Coping with a gay daughter: The Tennessean in Nashville goes retro

The Tennessean's feature on a mother's relationship with her gay daughter is a timely, up-to-the-minute feature. Or it would be, if this were the 1980s.

Seriously, how do you run 1,500-plus words on something like this in 2014? A sympathy piece on a devout woman who learns that her daughter is gay, then supports her against the prejudices of her church? A topic that was strip-mined years ago?

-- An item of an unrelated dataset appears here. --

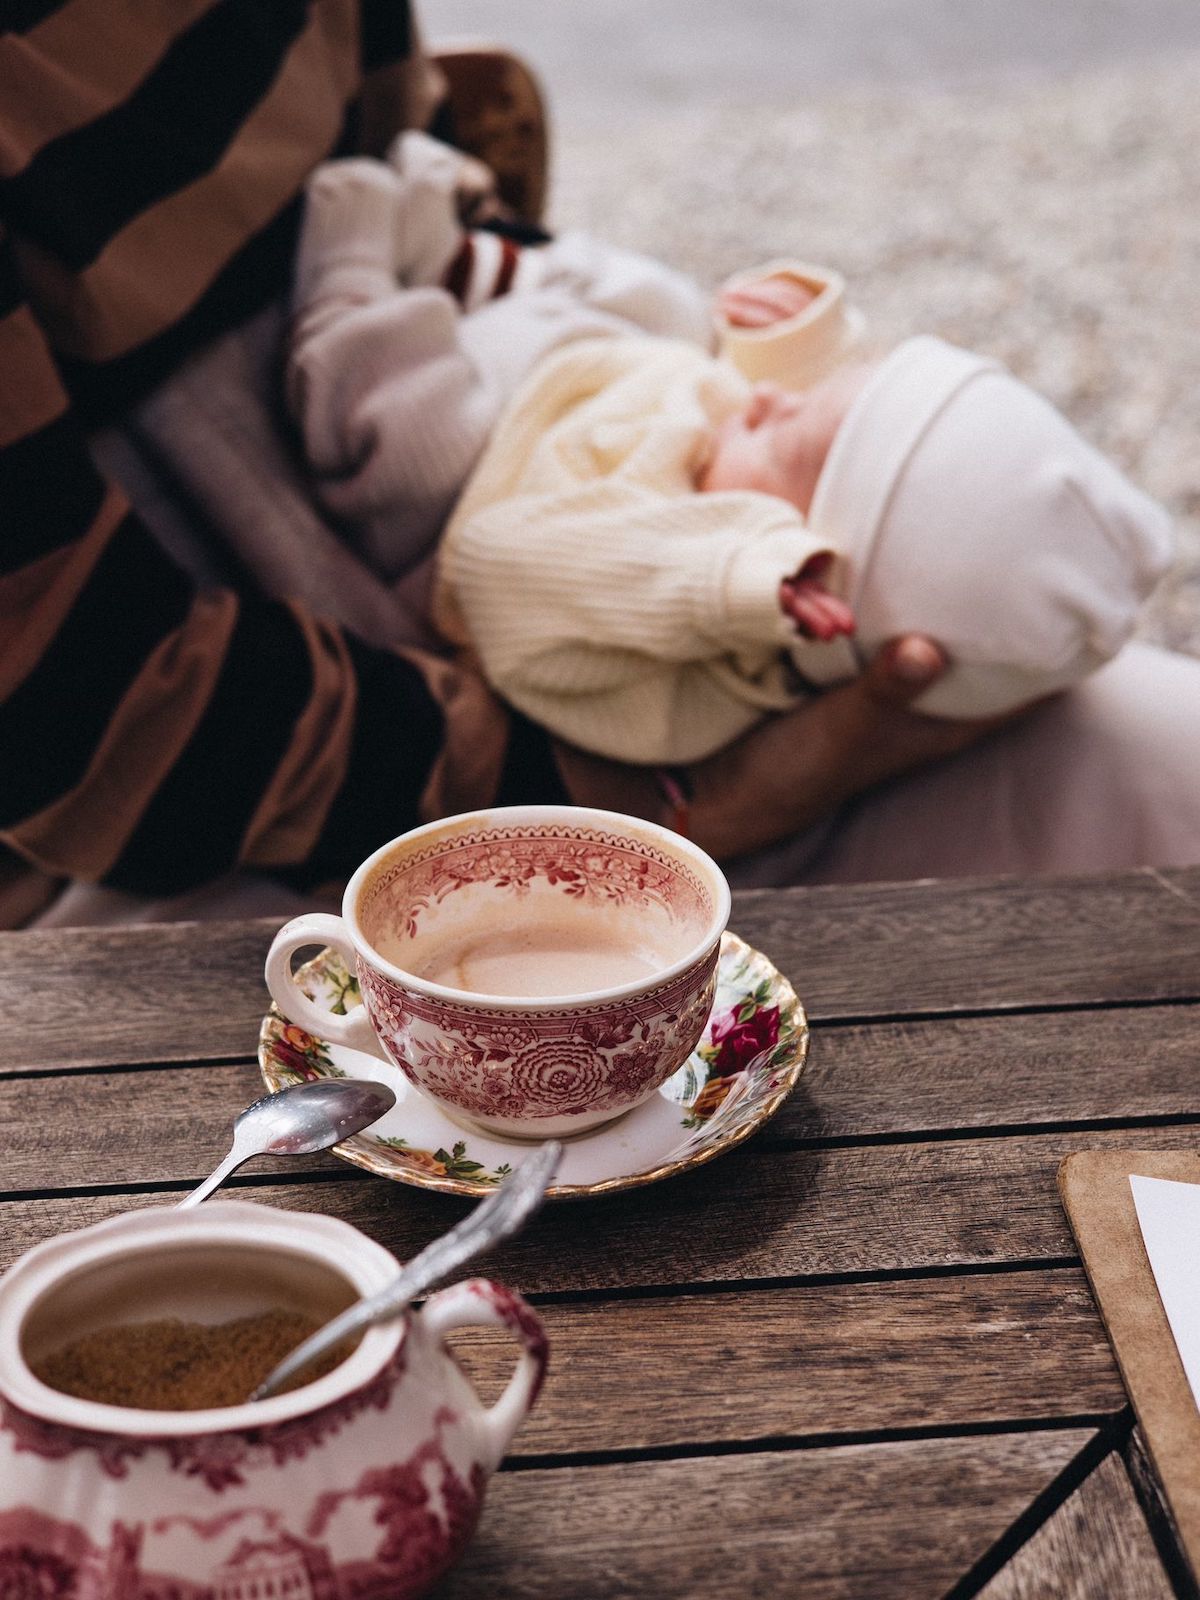 Im Vordergrund Kaffeetasse und Zuckerdose, im Hintergrund sitzt verschwommen eine Person, die ein Baby im Schoß hält.

Mark Kellner, a friend of this blog, aptly calls this story "GR (GetReligion) bait." All of it is reported from the viewpoint of the mother. Not a word from the father or the son, or the daughter herself. And no one from church -- either the church that the mother attends or the one she left.

Purely from a writing standpoint, I can see why the story would interest an editor. Its terse, taut style would have made Hemingway proud:

Dawn Bennett thought she knew herself.

Wife. Mother of three. Devout Christian.

She thought she knew her daughter.

Guitarist. Softball player. Girl of unfaltering faith.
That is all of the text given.